11-24-2020 06:49 AM
11-24-2020 06:49 AM
I work in a school and am putting together a new reward system. The pupils get points based on numerous factors which gives them a score. Every 7/8 weeks, we're going to have a draw to select a winner, but I want their total points to dictate how many entries they receive to that draw.
I have their names in Column A and column B states their number of entries.
For the online random name selector, I need to be able to duplicate their names based on the value of column B so Pupil A might be listed 32 times, but Pupil F only 5...
I could do this manually... but each of our year groups have 200 pupils so it would take ages!
11-24-2020 06:59 AM
Would it be possible for you to post a file that resembles your actual, just replacing any real names with those of Disney characters (or Star Wars, or....you name it).... It would make it a lot easier for people here to help you, and be working with your actual layout.

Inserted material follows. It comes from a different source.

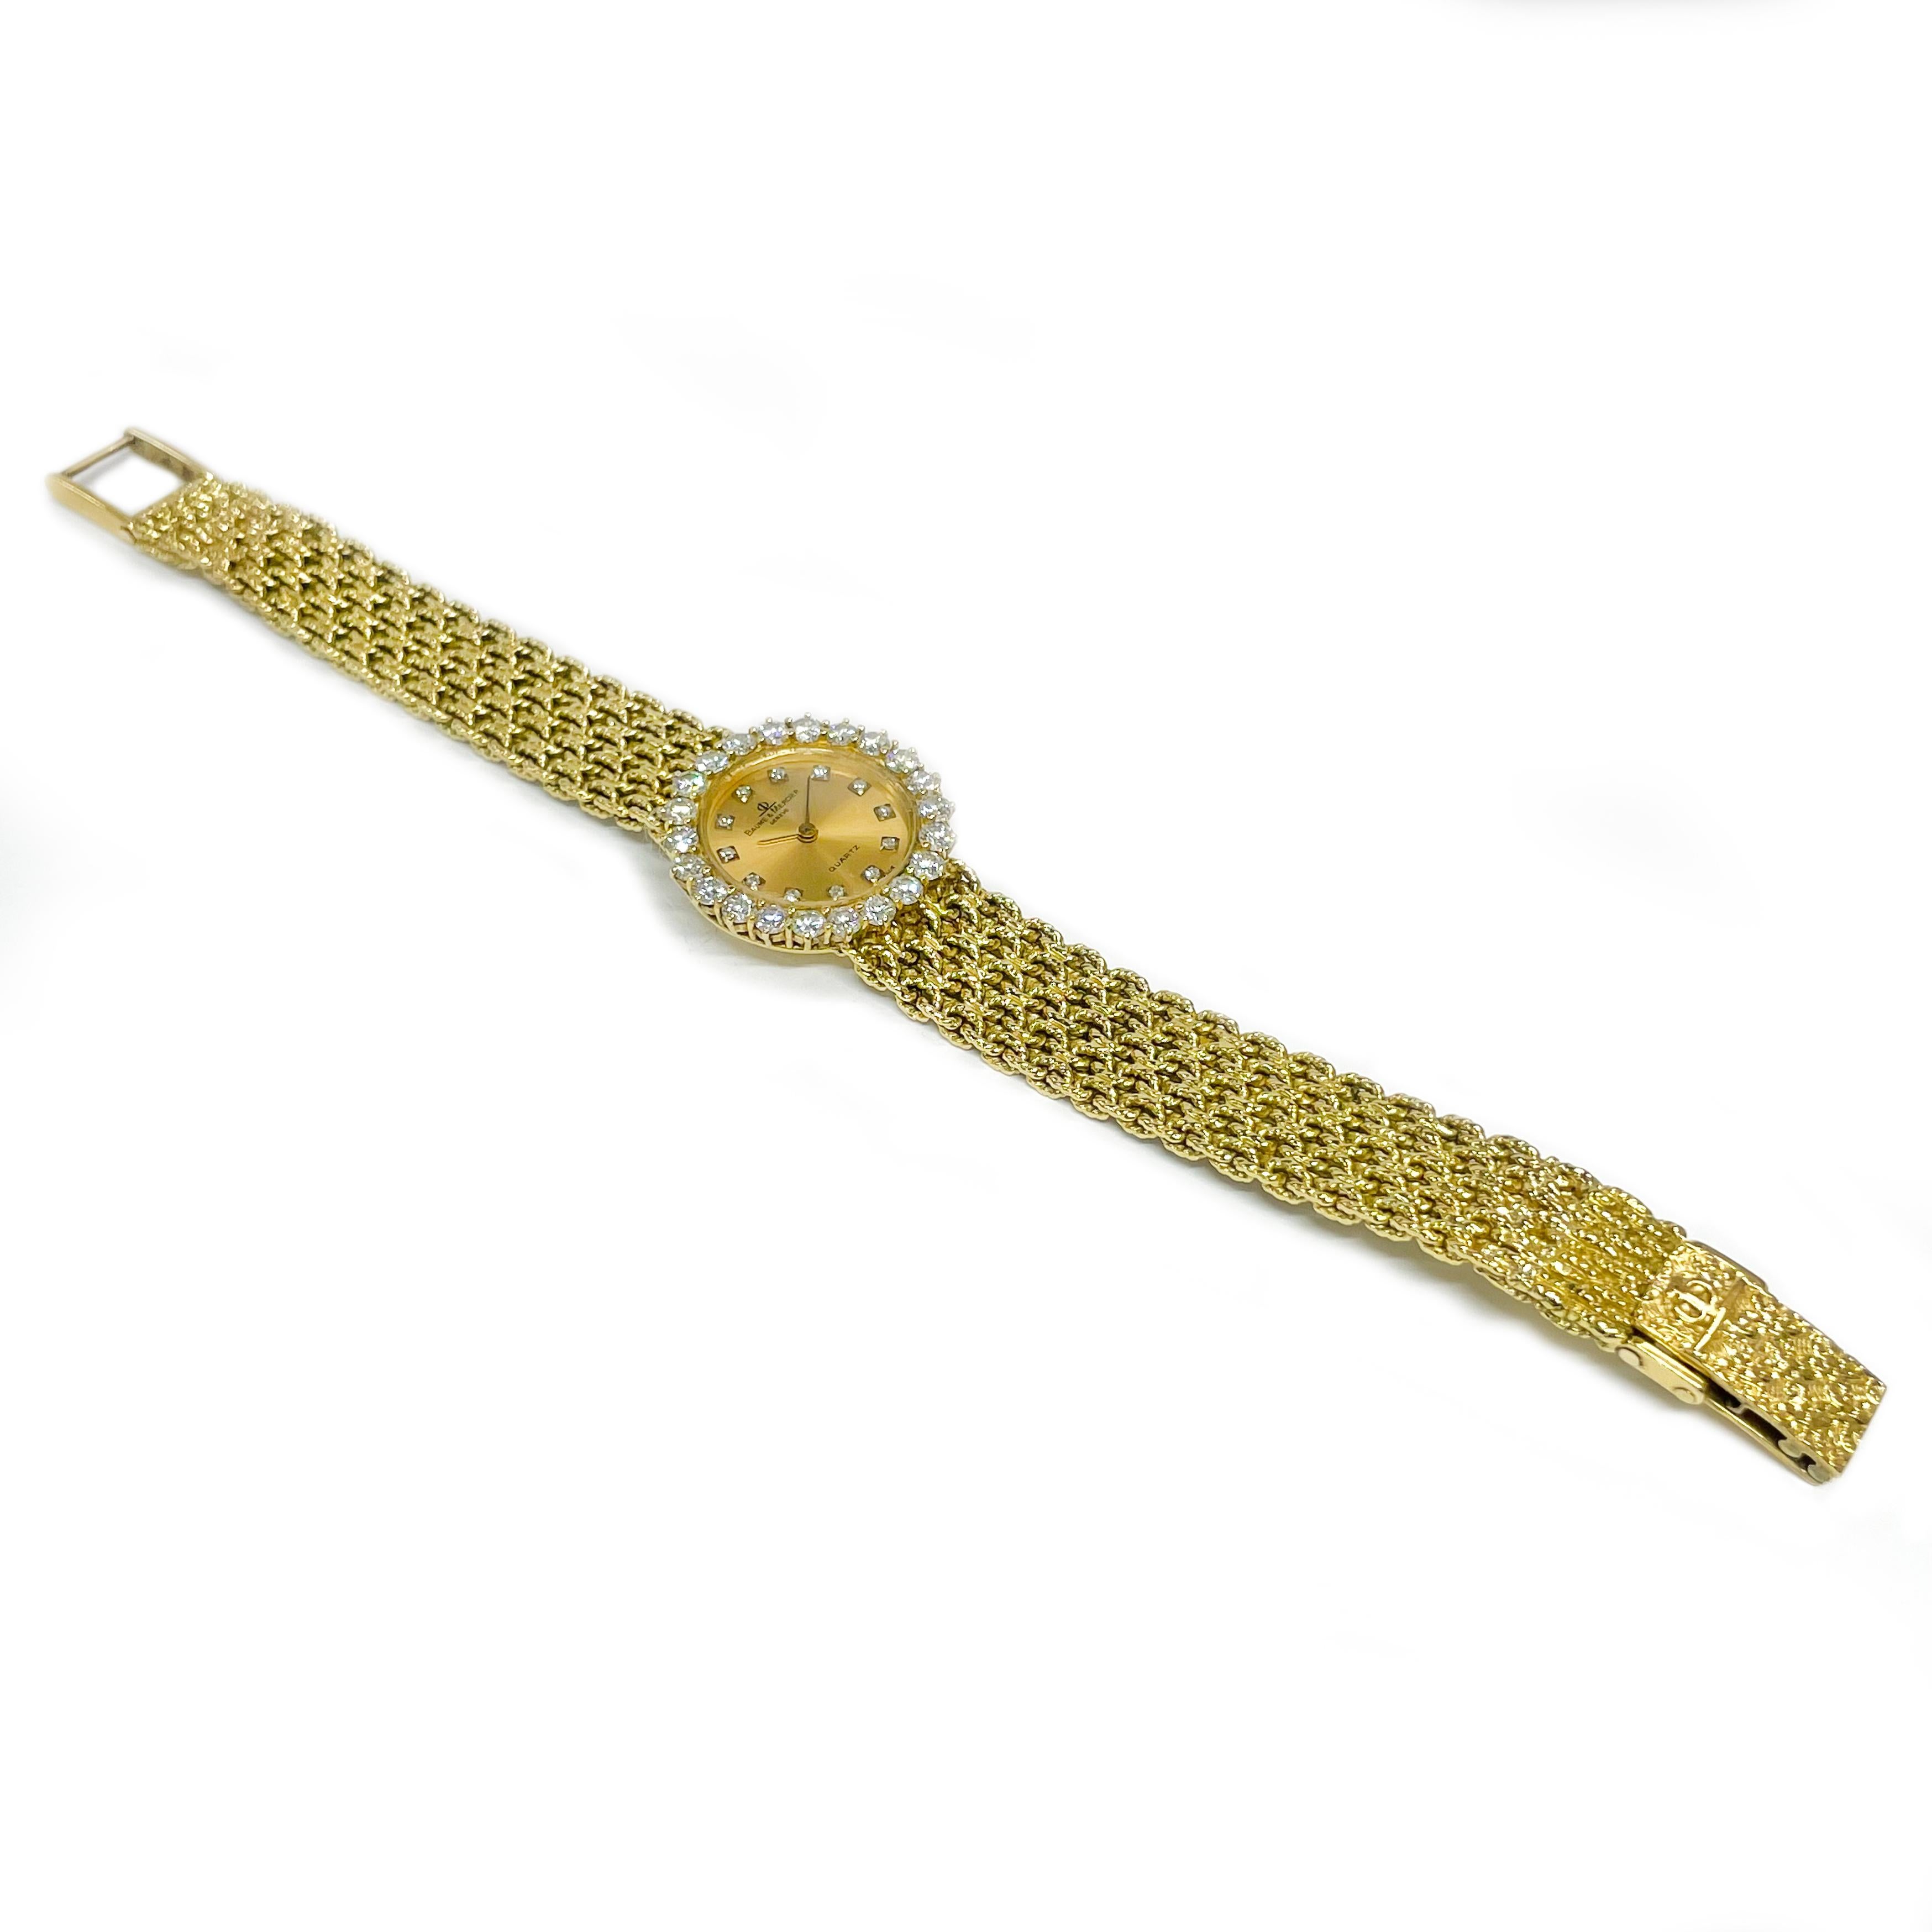 Baume & Mercier or jaune 18 carats diamant mouvement à quartz Montre-bracelet. La montre présente un cadran rond en or avec aiguilles des heures et des minutes et diamants ronds sertis à chaque heure. Vingt-deux diamants ronds de 3 mm, taillés en

Also please, if you could, clarify how you're using this. From what you've said, it sounds as if there will only be one name selected (if that's not the case, please clarify); that one person might in fact only have her or his name in the "pot" 5 times, somebody else 40 or more times....so there's a greater probability of selecting the person with 40 entries, but the one with 5 still has a chance. If that's not correct, please clarify.
11-24-2020 07:28 AM
@mathetes Yes, you're spot on. They're all equal - but some are more equal than others. They'll be three winners in effect, but I'd just run the selector three times (or re-run if the same person was selected twice)
Each person would go into the pot multiple times depending on how many entries they had earned. In the full list, the greatest goes in 29 times, the least goes in twice.
11-24-2020 08:47 AM
Here's a quick and dirty--but I think effective in achieving the desired result. I just multiplied the number of entries by a random fraction. In test runs (activated by the F9 key) it randomly picked people down on the list, but did a higher percentage of those near the top, which is what you'd expect.
The key formula just matches the max (highest) product of entries times the random number...and gives the name associated with it.